Charter airline of Turkey

Freebird Airlines (legally Hürkuş Hava Yolu Taşımacılık ve Ticaret A.Ş.), a subsidiary of Gözen Holding, is an international airline registered in Turkey and Malta. Primarily focusing on European countries, it operates scheduled and charter flights to various holiday destinations. Its main base is Antalya Airport.

== History ==
Freebird Airlines was established in 2000 and commenced its first commercial flight on 5 April 2001. Initially operating with a fleet of three McDonnell Douglas MD-83 aircraft, the airline has expanded its operations and, as of 2025, flies to over 100 airports with a fleet of 14 Airbus A320 aircraft.

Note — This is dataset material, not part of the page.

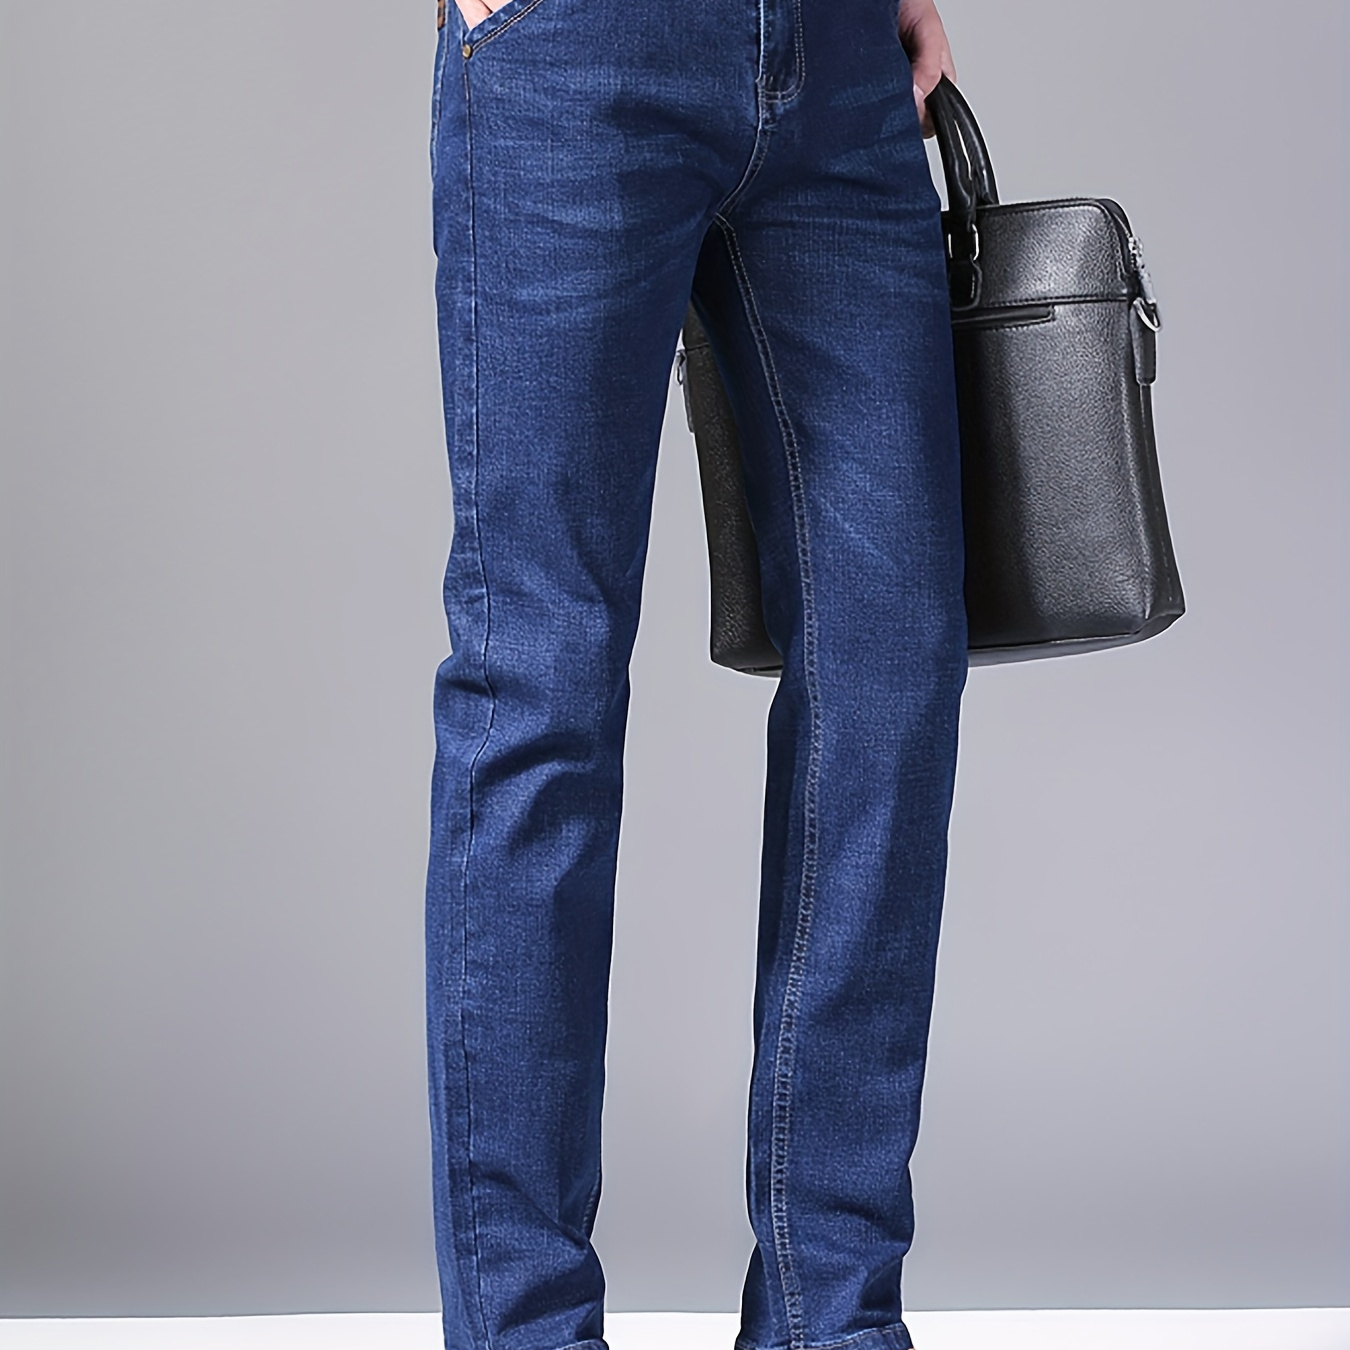 

Regular Fit Jeans, Men's Casual Street Style Straight Leg Slightly Stretch Denim Pants For Spring Summer, Bottoms For Men, Gift For Men

The airline operates a fleet of 14 Airbus A320 aircraft, certified under both Turkish and Maltese aviation authorities. These aircraft are configured for 180 passengers and primarily serve leisure destinations across Europe.

In addition to its main operations, Freebird Airlines has a European subsidiary, Freebird Airlines Europe, which was established in Malta in 2019 under a separate Air Operator Certificate (AOC). This subsidiary operates three Airbus A320 aircraft and focuses on flights within the European Union.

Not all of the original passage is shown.